March 16, 2000
La Jolla, CA – If you think you’re living in the past, you’re right – and science can tell you just how far behind the times you are. According to a new Salk study, it’s at least 80 milliseconds, just slightly longer than the blink of an eye.
“What you think you’re seeing at any given moment is actually influenced by the future,” said David Eagleman, lead author of a study in the current issue of 科学. “This doesn’t mean the brain is clairvoyant, however.”
He compared the timing of conscious perception to the broadcasting of a live television show, “which is actually not live. The show is delayed by about three seconds, so it can be edited if something happens. The brain does the same thing.”
Using a visual illusion known as the flash-lag phenomenon, Eagleman and Salk Professor 特伦斯·塞津诺维奇 showed that the human brain appears to construct conscious awareness in an after-the-fact fashion, which they term postdiction. Their findings counter a leading hypothesis that visual awareness is predictive, extrapolating ahead of perceived events.
“In fact,” said Sejnowski,” it looks like the conscious mind is just catching up on past information.”
The flash-lag phenomenon was initially noted in 1958 and, more recently, recognized as a potential tool to probe puzzles of visual perception. Imagine you’re watching a moving ring or hoop, and a light flashes in the center of the ring.
“Although the flash is physically in the center of the ring” said Eagleman, “it is perceived to lag behind the ring. You can sometimes see this if you look at an airplane at night – the blinking lights may appear to be lagging behind the plane.”
One popular hypothesis held that this was because our brains assume the ring will continue in its path of motion and extrapolate its position forward.
That was a reasonable theory, according to Eagleman. “Let’s suppose there’s a moving object in the world, and by the time the light from that object hits my retina and gets processed in my brain, the object has already moved on. So if you want to see things where they really are, maybe the visual system needs to extrapolate and guess where things will be in the future. It was intuitively very appealing. But I had reasons to doubt it was true.”
To test this theory, Eagleman and Sejnowski devised a set of simple experiments. Instead of continuing the ring?s movement through space, at the instant of the flash they stopped or reversed its motion.
“If the predictive hypothesis is correct,” said Eagleman, “one would expect the same result in each case – that is, the flash should appear to trail behind because your brain is assuming the ring will continue in its path.”
Instead, they found that perception of the flash was dependent on where the ring moved after the flash. If the ring stopped, subjects reported the flash to be dead center.

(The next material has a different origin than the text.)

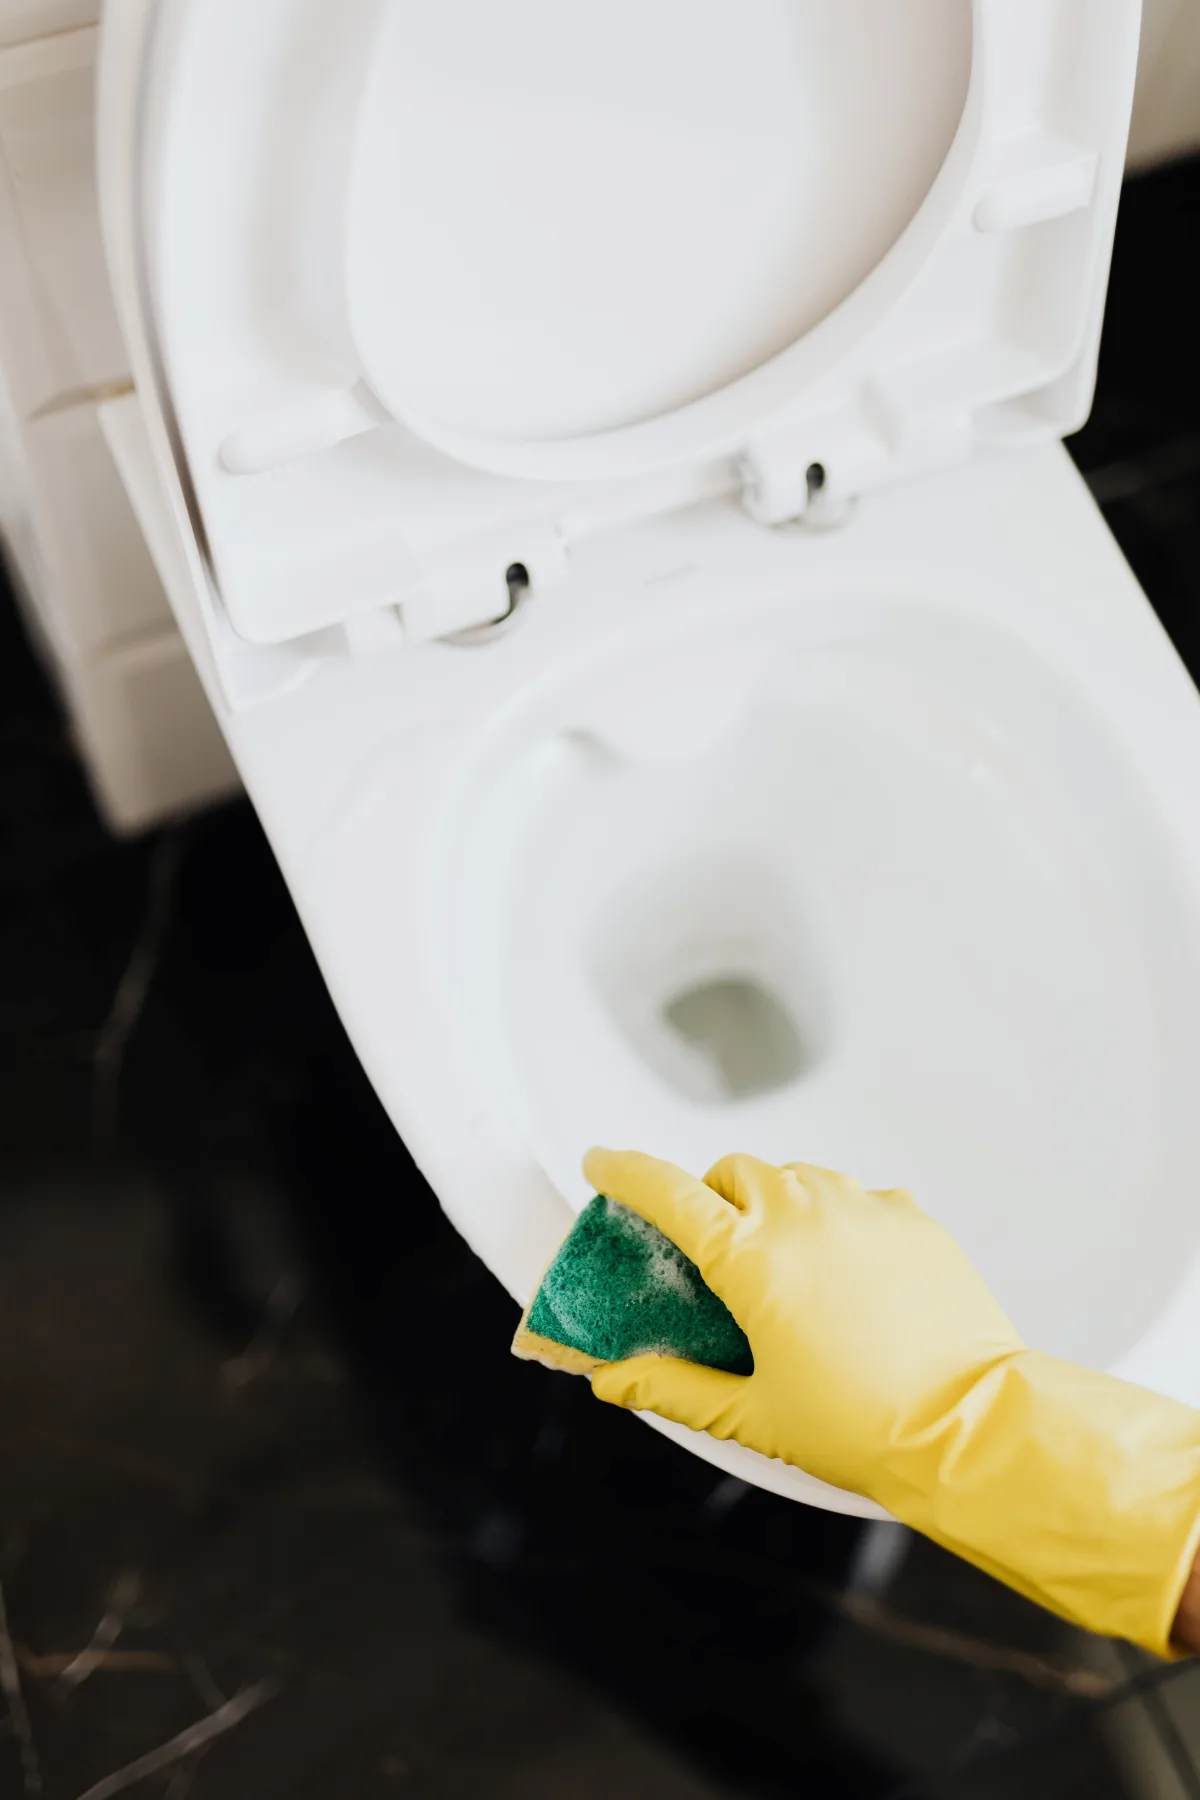 comment enlever l odeur d urine dans les toilettes guide complet
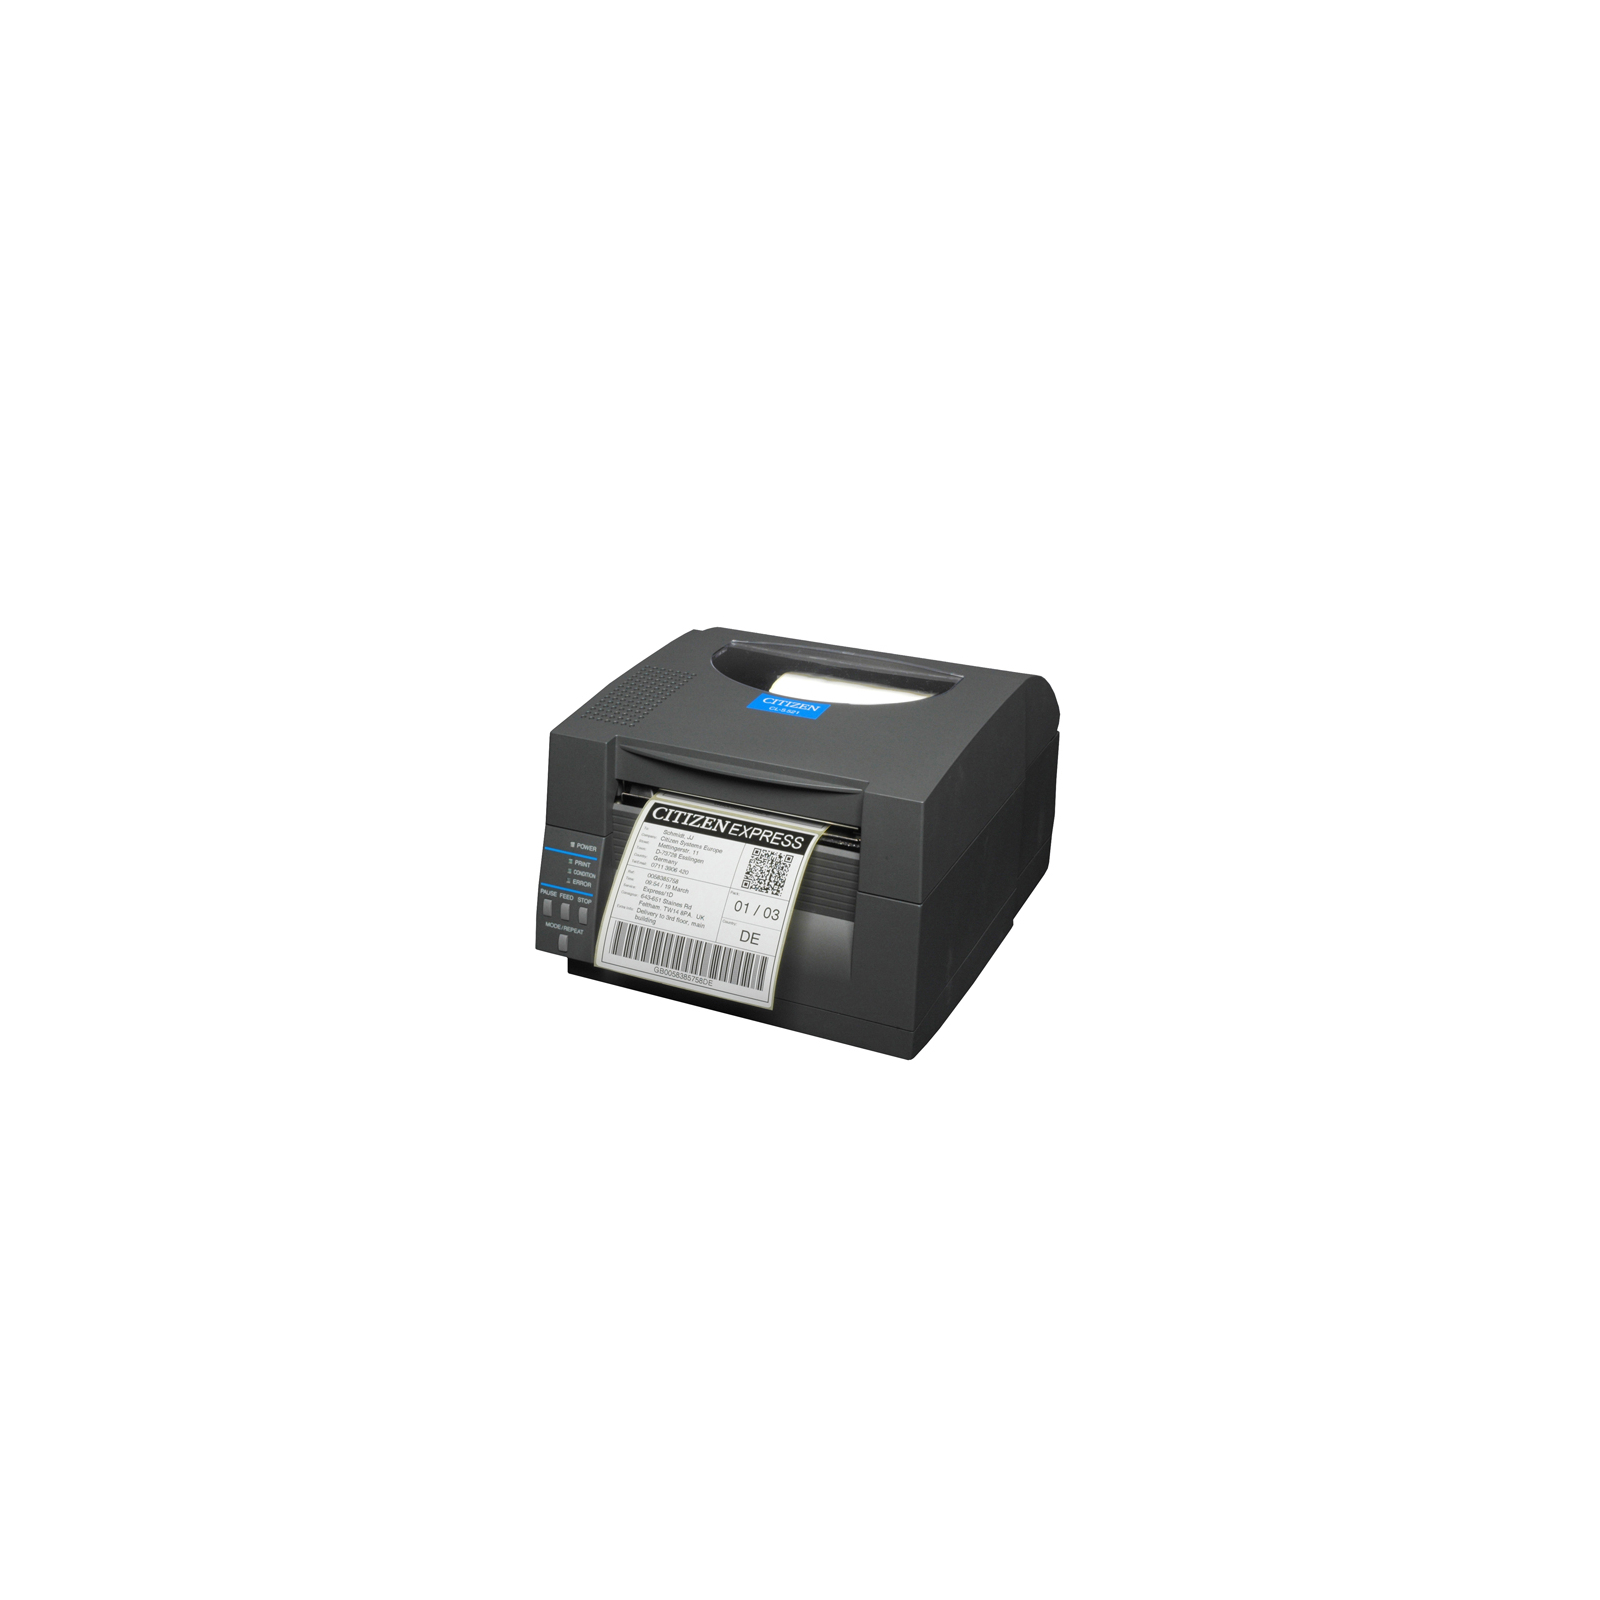 Принтер етикеток Citizen CL-S521 (1000815)

If it reversed, the flash lagged in the other direction.
“That’s a wacky result,” said Eagleman. “It means that your brain collects information into the future of an event before it commits to what it thinks it saw at the time of the event.”
The researchers followed these experiments with a set in which the ring was at a complete standstill at the time of the flash; immediately afterward it moved in one direction or another. They obtained the same results – the illusory displacement depended on where the ring moved after the flash occurred.
“The flash always appears to trail the movement, when in reality it occupies the center of the ring,” said Eagleman.
And how long does the brain have to polish the past?
“If I were to show a subject a flash and move the ring two weeks later, there would be no effect on perception,” said Eagleman. “So I asked: how long could I delay movement after the flash and still get the flash-lag effect?”
That window turned out to be 80 milliseconds – a trice by our conscious clocks – but long enough to be clearly measured in the laboratory. Eagleman pointed out that this is an averaged number: “I don’t know, perhaps fighter pilots live less in the past than the rest of us.”
Sejnowski added: “Now that we know our brain is stealing time from our visual awareness, we can begin to ask why. More surprises may be in store as we look for this missing time gap in the brain itself.”
The work was supported by the Alfred P. Sloan Foundation and the National Institute of Mental Health. Sejnowski is a Howard Hughes Medical Institute investigator.
索尔克生物研究所(Salk Institute for Biological Studies)位于加利福尼亚州拉霍亚(La Jolla, Calif.),是一家独立的非营利机构,致力于生命科学的基础性发现,改善人类健康和生活条件,以及培养未来的研究人员。该研究所由乔纳斯·索尔克(Jonas Salk, M.D.)于1960年创立,得到了圣地亚哥市(City of San Diego)的土地赠予和“March of Dimes Birth Defects Foundation”的财政支持。.